— RECORDED INFORMATION —
⟨

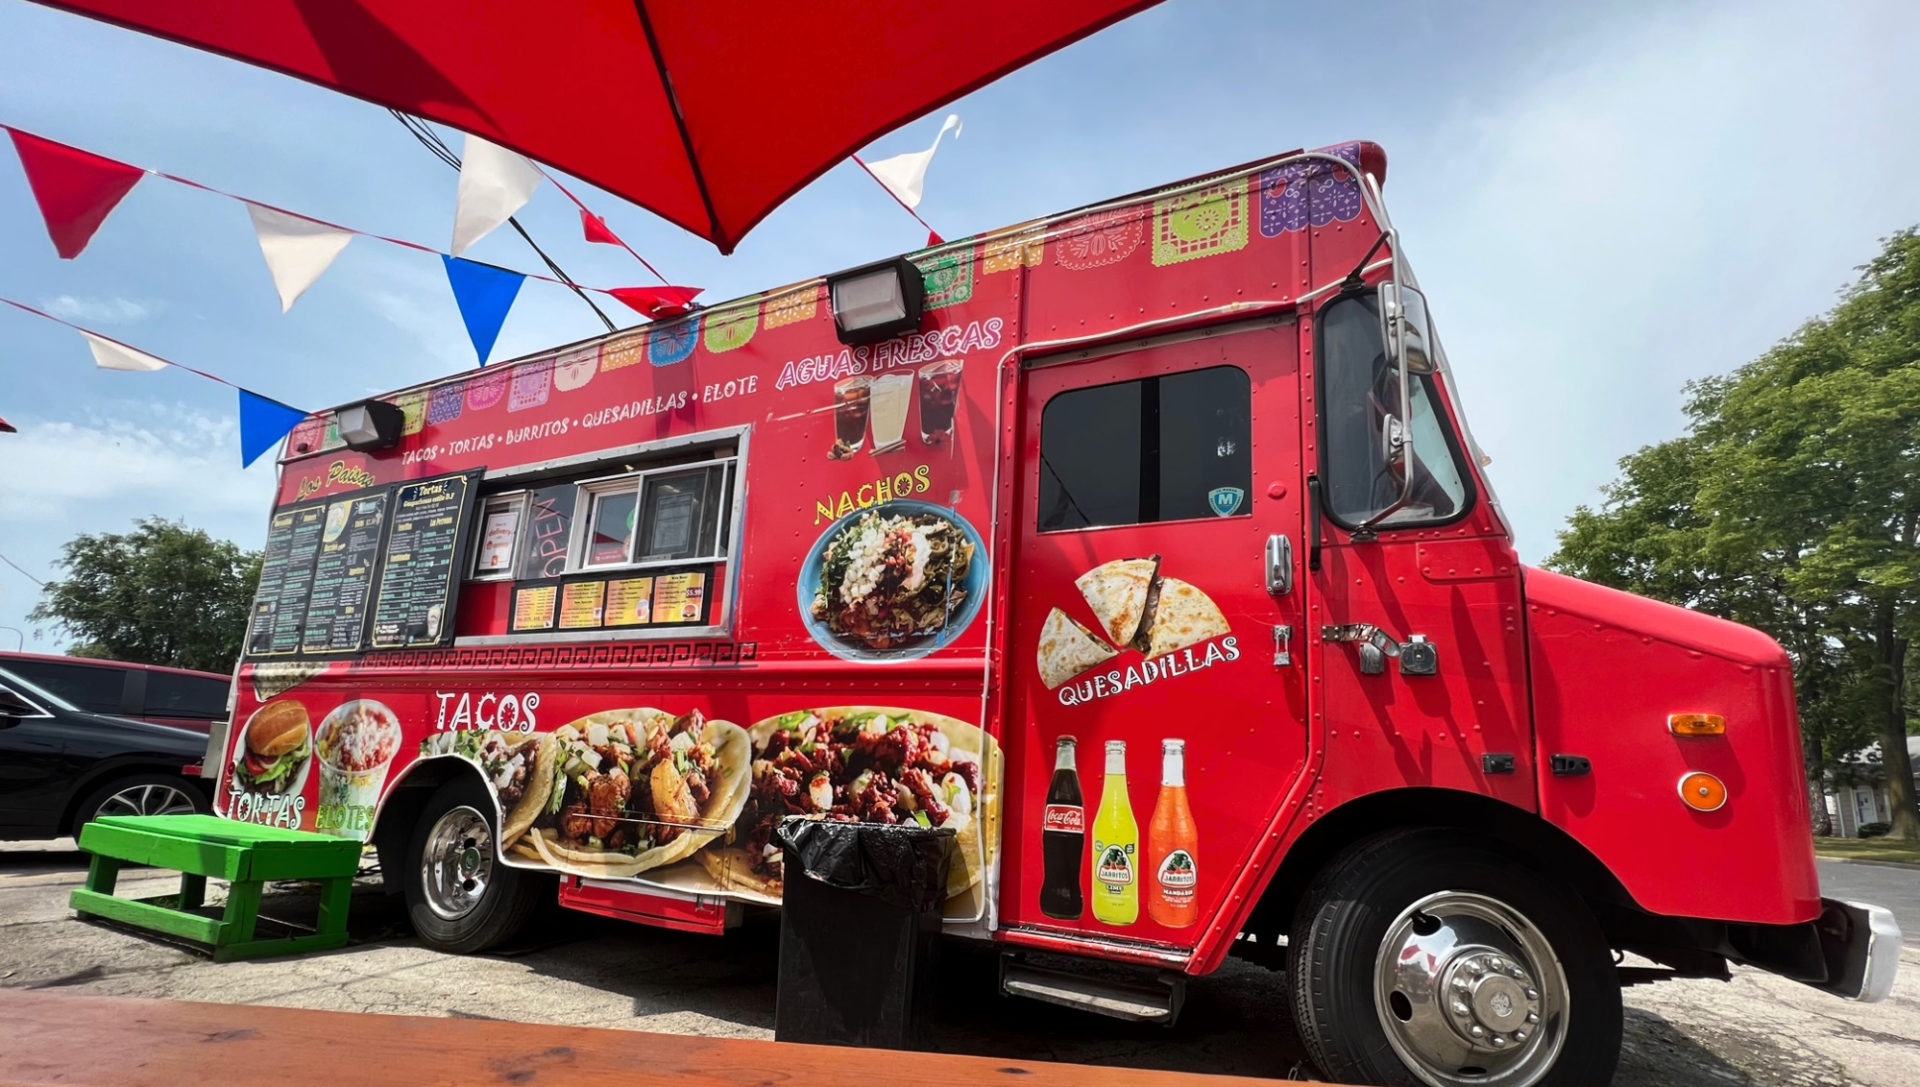 The red truck for Los Paisas food truck on Cunningham Avenue in Champaign. The truck has a black menu on the outside in addition to red, white, and blue pendant flags on banners connected to the umbrella tables. Photo by Alyssa Buckley.
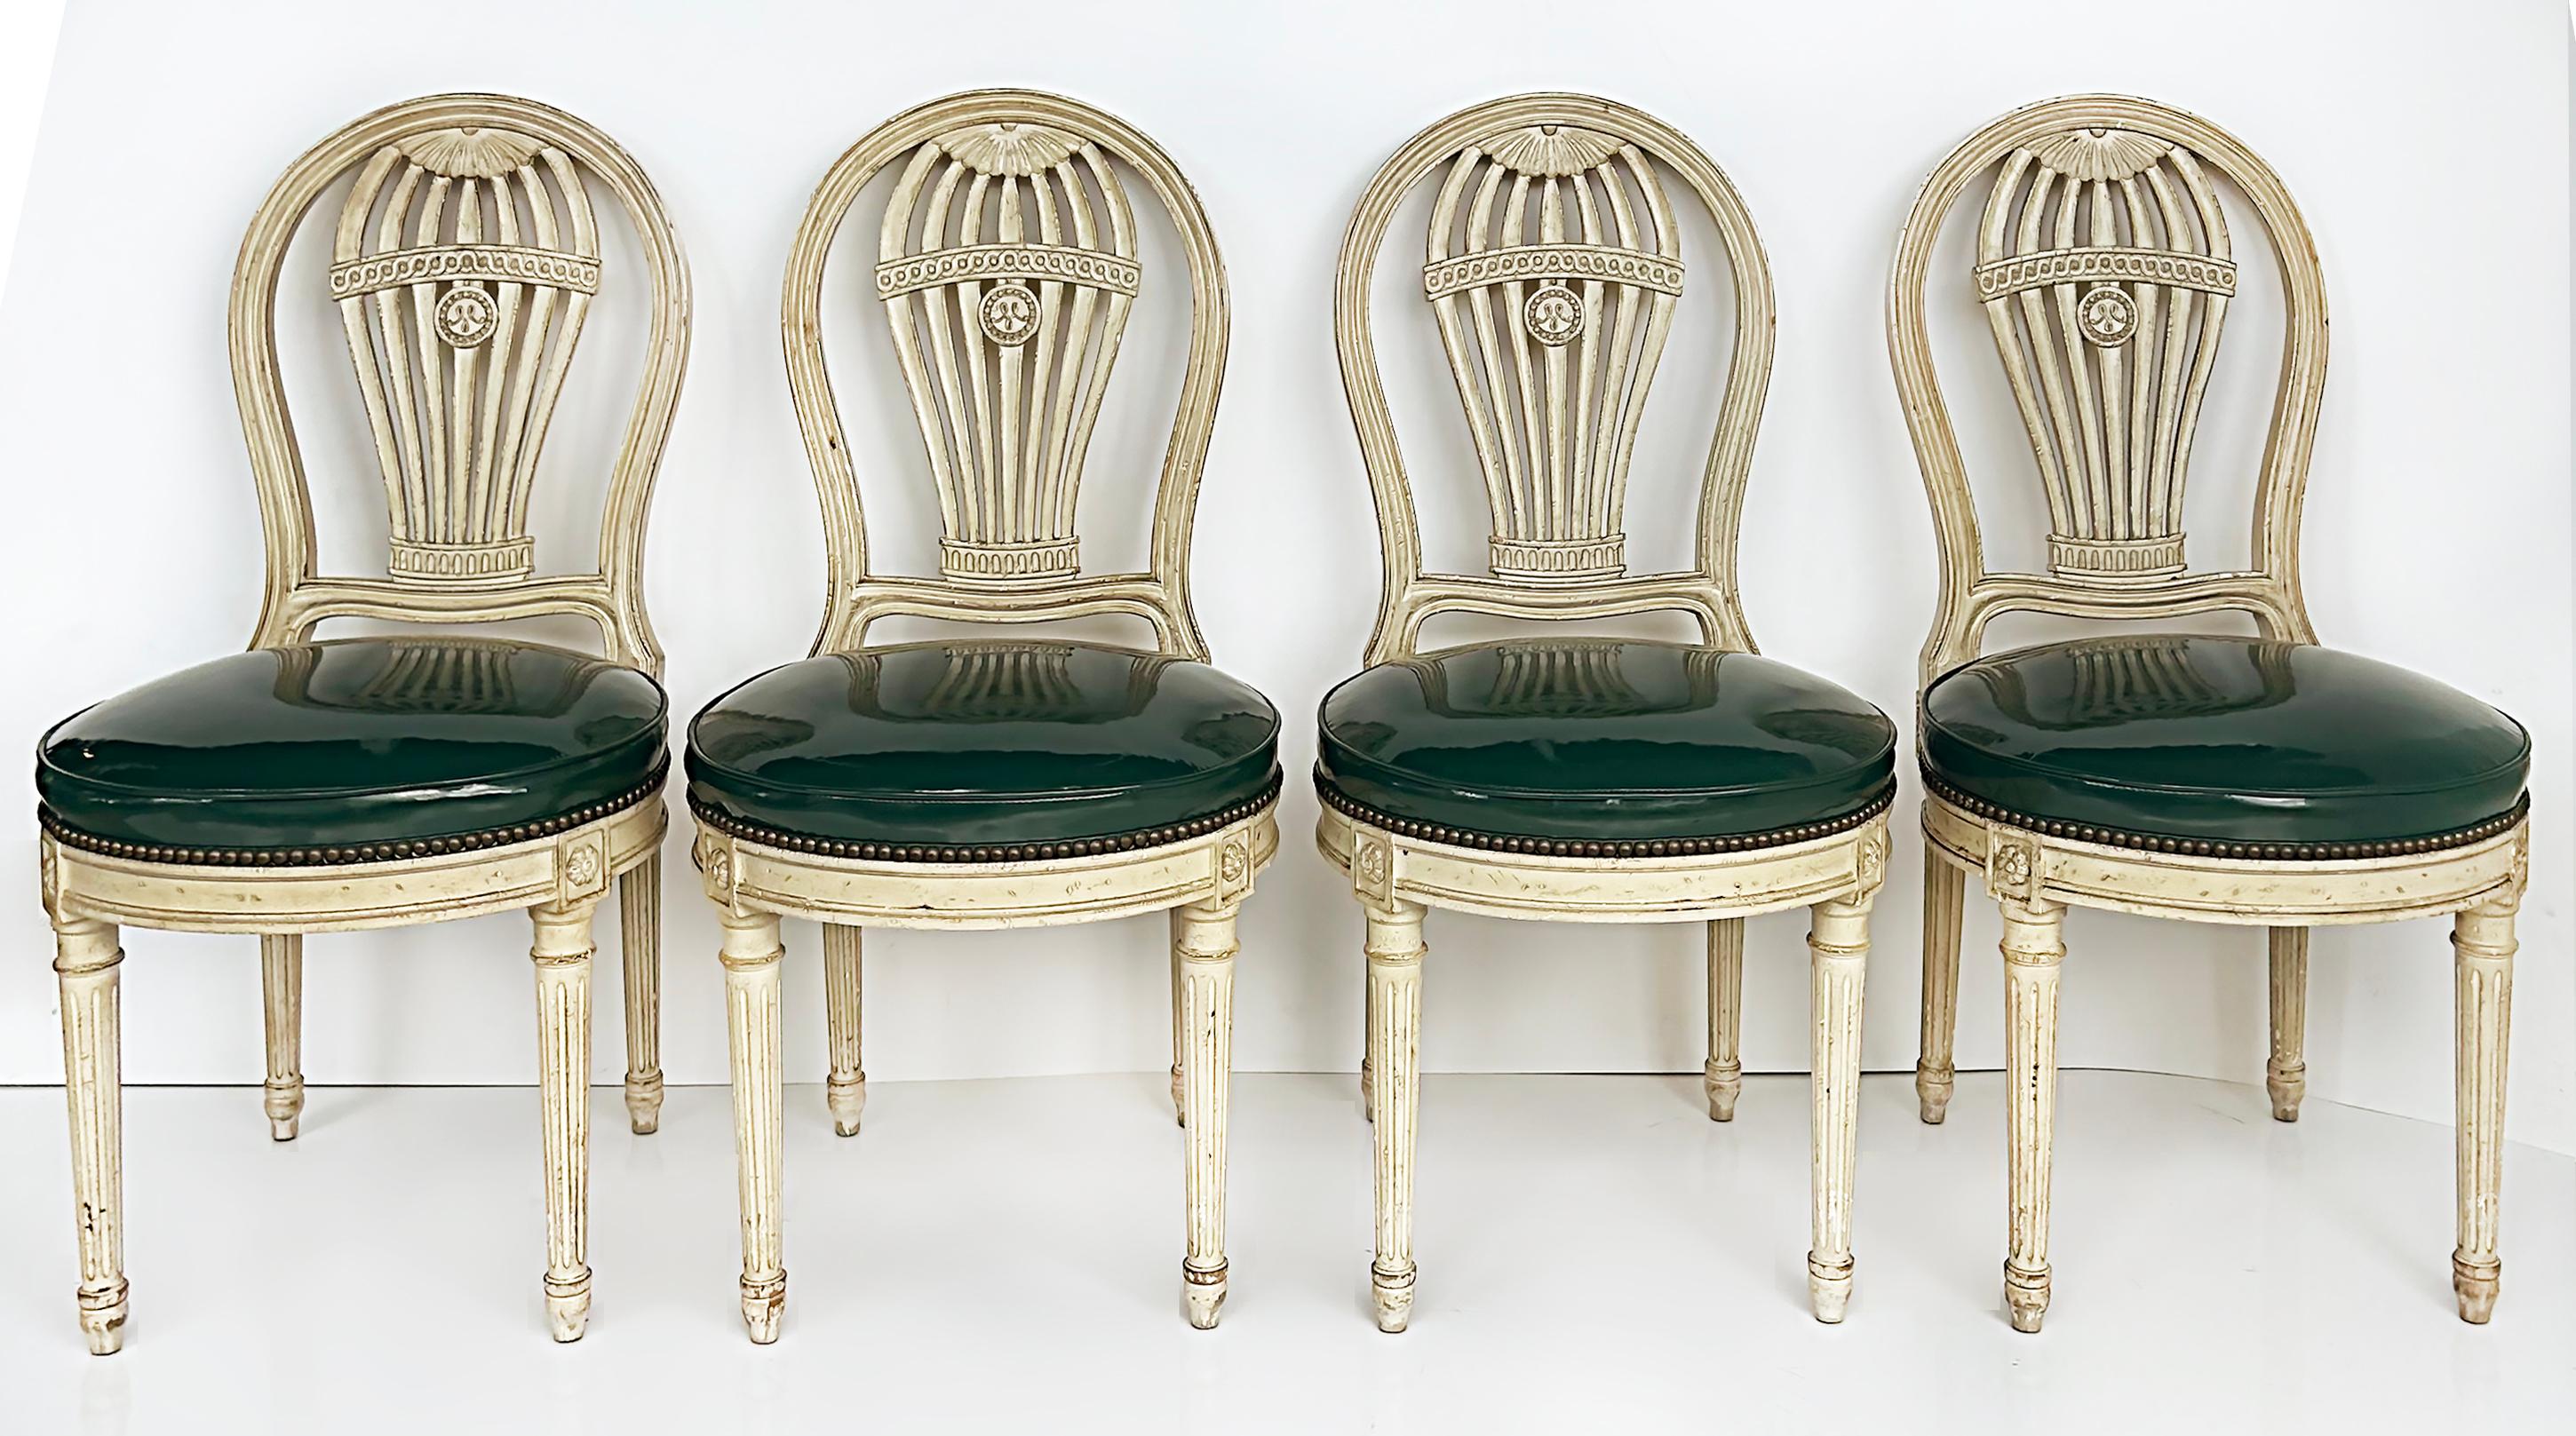 Vintage Painted Balloon back chairs, Maison Jansen Attributed, Patent Faux Seats

Offered for sale is a set of four (4) painted balloon back dining chairs with deep green faux patent leather Naugahyde upholstered seats. The chair seats have brass

⟩

— WORK REQUEST —
Write out the line that contains "Vintage Painted Balloon" and every line after it to the end of the data, exactly as they stand. Omit the pictures.

— SOLUTION TO THE EXERCISE —
 Vintage Painted Balloon back chairs, Maison Jansen Attributed, Patent Faux Seats

Offered for sale is a set of four (4) painted balloon back dining chairs with deep green faux patent leather Naugahyde upholstered seats. The chair seats have brass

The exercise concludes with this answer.